Marathi theatre is theatre in the Marathi language, mostly originating or based in the state of Maharashtra in India, and elsewhere with Marathi diaspora. Starting in the middle of the 19th century, it flourished in the 1950s and 1960s. Today, it continues to have a marked presence in the State of Maharashtra with a loyal audience base, when most theatre in other parts of India have had tough time facing the onslaught of cinema and television. Its repertoire ranges from musicals, humorous social plays, farces, historical plays like 'Vedat Marathe Veer Daudale Saat' by Bashir Momin Kavathekar, to experimental plays and serious drama of the 1970s onwards, by Vijay Tendulkar, P. L. Deshpande, Mahesh Elkunchwar and Satish Alekar, which have influenced theatre throughout India. In the post-independence era, Bengali theatre, and Marathi theatre have been at the forefront of innovations and significant dramaturgy in Indian theatre.

==History==
===Ancient and medieval period===
The region of Maharashtra, has had long theatrical tradition, one of the early references is found in the cave inscriptions at Nashik by Gautami Balashri, the mother of 1st-century Satavahana ruler, Gautamiputra Satakarni. The inscription mention him organizing Utsava and Samaja forms of theatrical entertainment for his subjects.

There are sources mentioning plays from 17th-century like Lakshmaikalyanam, and Ganga-Kaveri Samvad, in the Marathi-language staged for the Bhosale ruler of Tanjore in present-day Tamil Nadu state. However, these were plays performed in the royal court.

===British colonial period (1818-1947)===
The first public performance of a stage play in Marathi was Sita Swayamvar (Marriage of Sita) by Vishnudas Bhave, based on a popular episode of the epic Ramayana. Staged in 1843 in Sangli, with ruler of the princely state of Sangli in audience, it was an experimental play, based on traditional theatre form called Yakshagana from the neighbouring Karnataka region. In 1842, Karki Mela (Repertory) from Honnavar region of Coastal Karnataka, performed before the Rajasaheb of Sangli, who encouraged court artists to learn from the group acting and singing. This laid basis for Marathi Professional theatre. After the success of his play, Vishnudas Bhave staged many more plays about other episodes of Ramayana. His plays were largely influenced by the Shakespearean and Parsi theatres. Bhave went on to form a travelling theatre troupe. The coming decades saw notable plays like Jhansichya Raniche Naatak (1870), Sawai Madhavravancha Mrutyu (1871), AfjhalKhanachya Mrutyuche Naatak (1871) and Malharrav Maharaj (1875). However, Marathi stage took a distinct theatre form with the musical Shakuntal by Annasaheb Kirloskar in 1880, based on a classical work, Abhijnanasakuntalam by Kalidasa.The success of his theatre company, Kirloskar Natya Mandali paved way for commercial repertories in Marathi theatre, and subsequently the formation of Natak Companies.
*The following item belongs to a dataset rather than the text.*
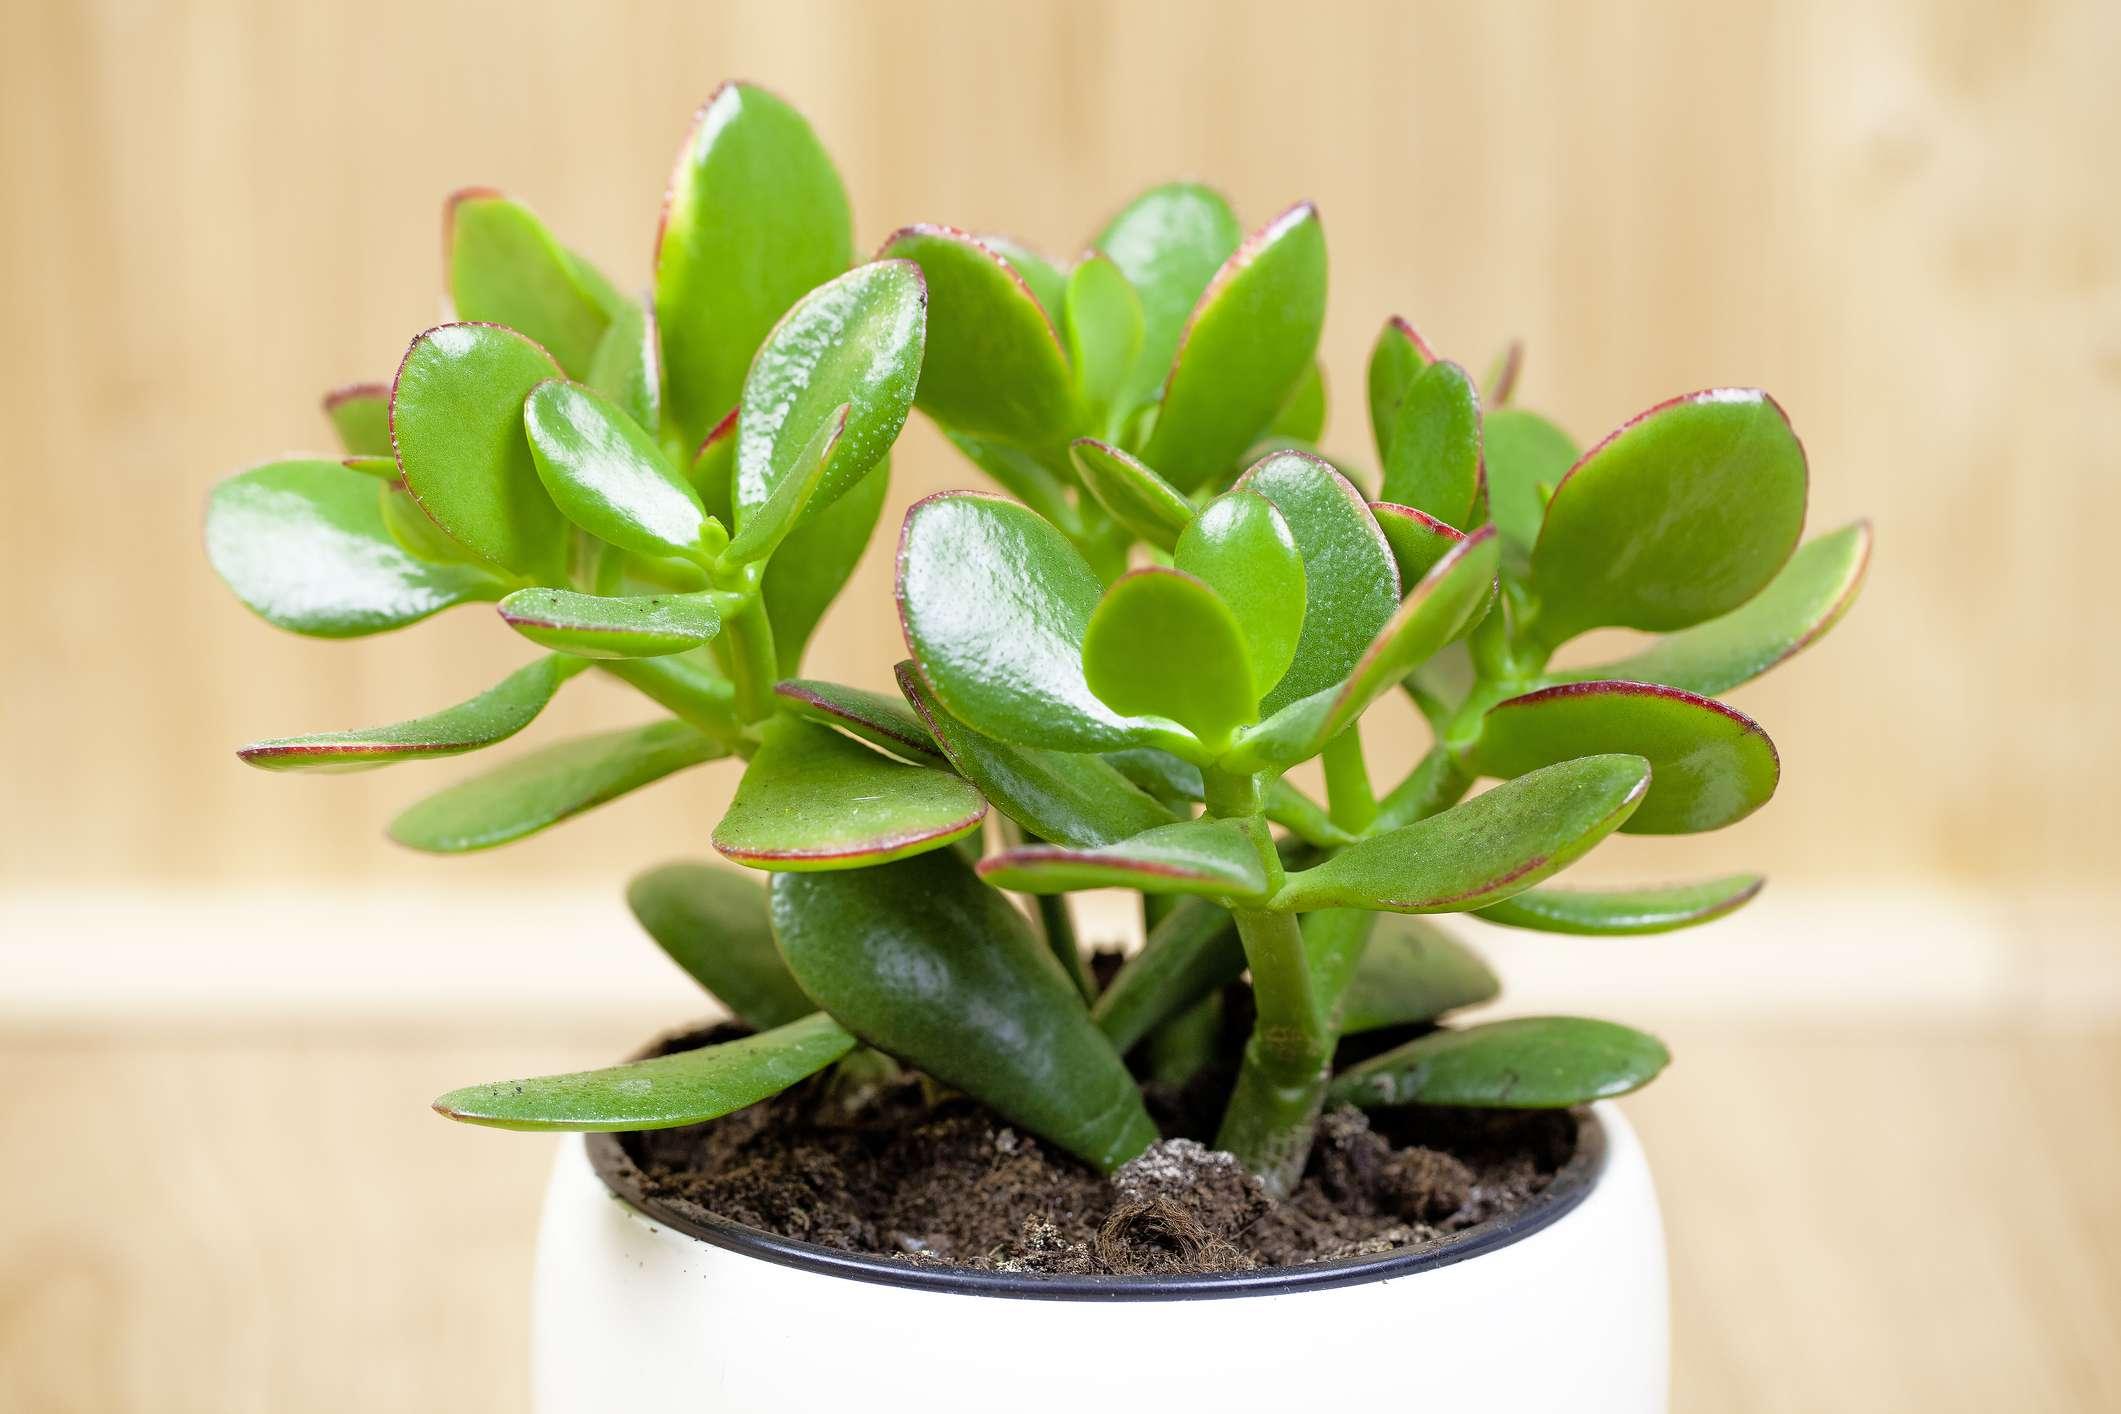 Jade plant, lucky plant, money plant or money tree, (Crassula ovata)

The early period of Marathi theatre was dominated by playwrights like Kolhatkar, Krushnaji Prabhakar Khadilkar, Govind Ballal Deval, Ram Ganesh Gadkari and Annasaheb Kirloskar who enriched the Marathi theatre for about half a century with excellent musical plays known as Sangeet Natak. The genre of music used in such plays is known as Natya Sangeet. It is during this era of the Marathi theatre that great singer-actors like Bal Gandharva, Keshavrao Bhole, Bhaurao Kolhatkar and Deenanath Mangeshkar thrived.
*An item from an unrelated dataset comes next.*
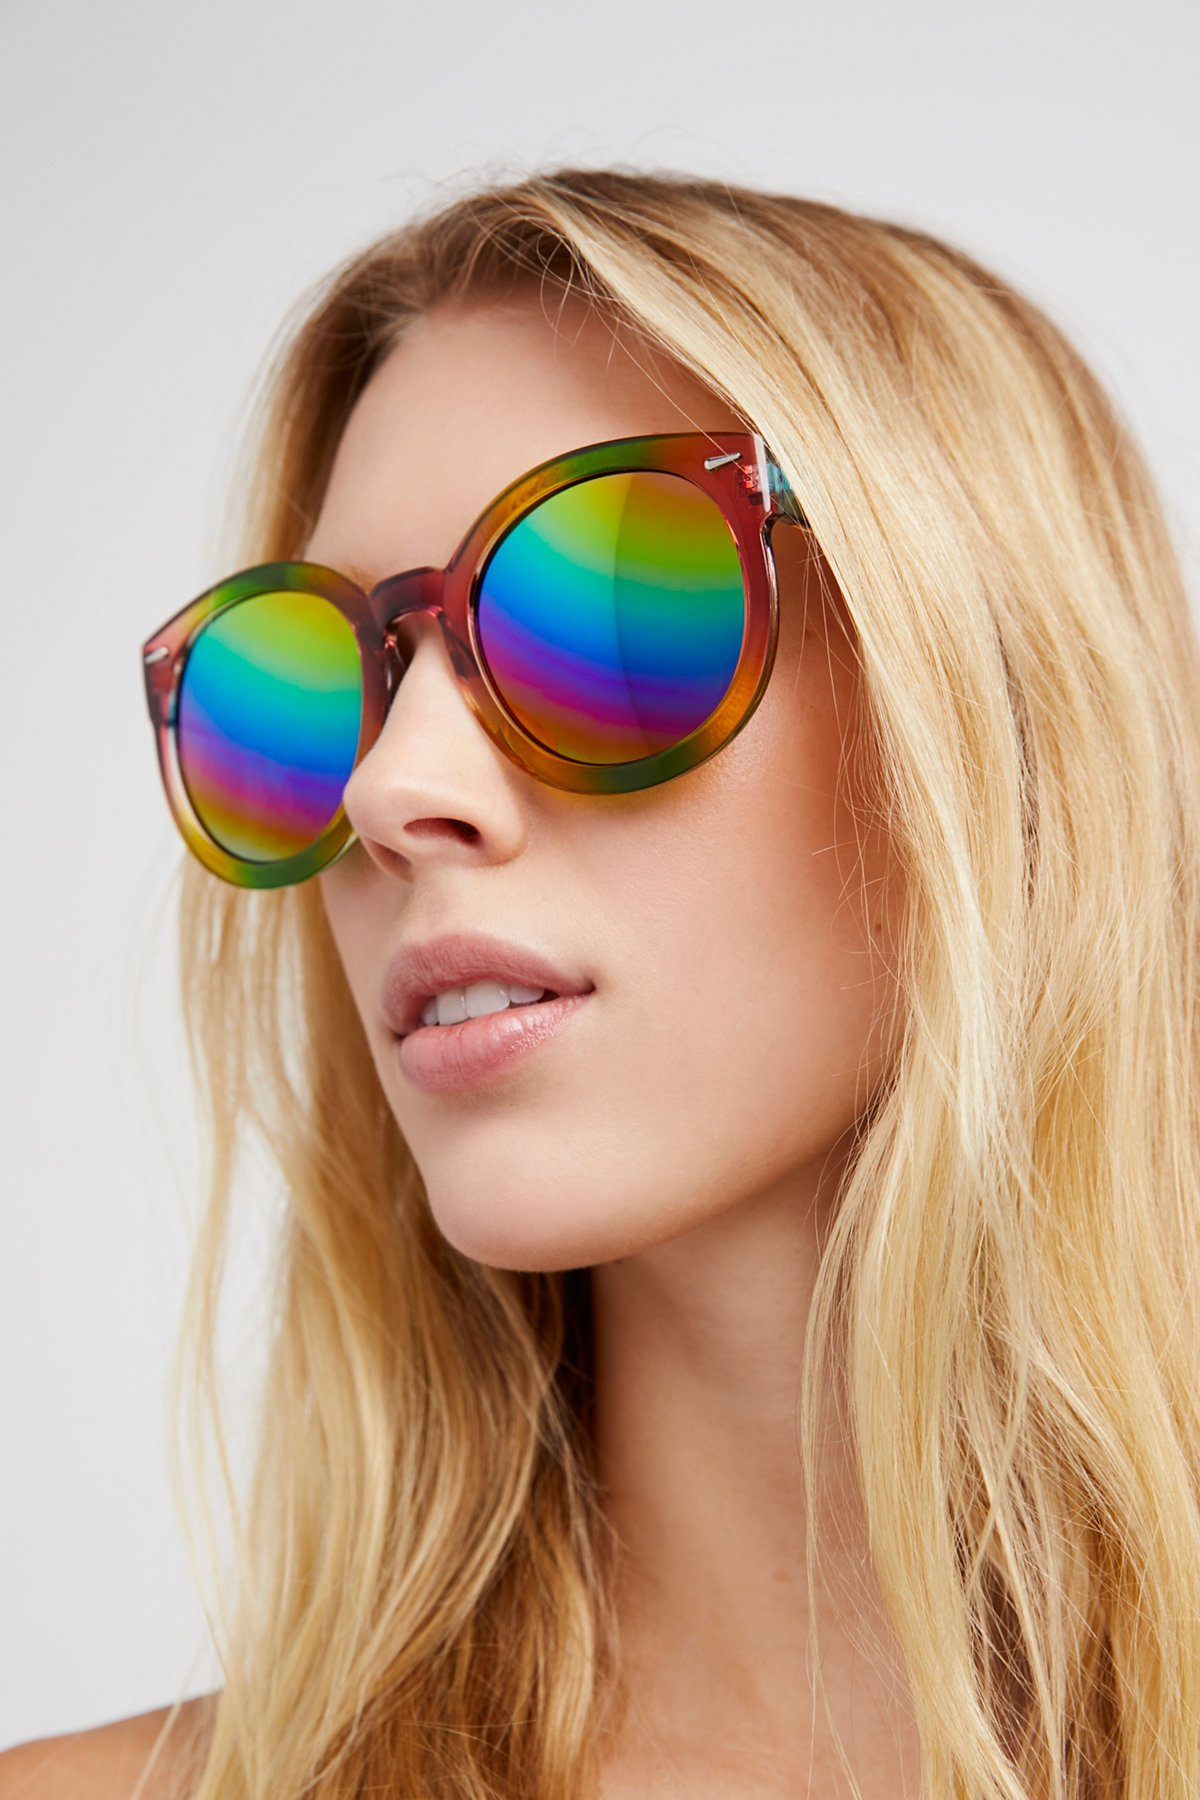 Double Rainbow Sunglasses

===Post-independence period===
In the second half of the 20th century, some theatre practitioners have incorporated the traditional forms like tamasha and dashavatar into their plays. In the 1970s, the tamasha form was employed as narrative device and style in several notable plays like Ghashiram Kotwal by Vijay Tendulkar, Vijaya Mehta's Marathi adaptations of Bertolt Brecht's The Good Woman of Setzuan as Devajine Karuna Keli (1972) and Caucasian Chalk Circle as Ajab Nyaya Vartulacha (1974), Bashir Momin Kavathekar's historical "Bhangale Swapna Maharastra" (1976)& "Vedat Marathe Veer Daudale Saat"(1977),
P. L. Deshpande's Teen paishacha Tamasha (1978), an adaptation of Brecht's The Threepenny Opera. Mehta also adapted and Ionesco with Chairs. Varyavarchi Varat" the most famous and
comedy play written by "Pu.la.Deshpande" and also this play is still in theaters with new cast & crew . Although the characters created by Pu.La. were fictional many people still relate to them.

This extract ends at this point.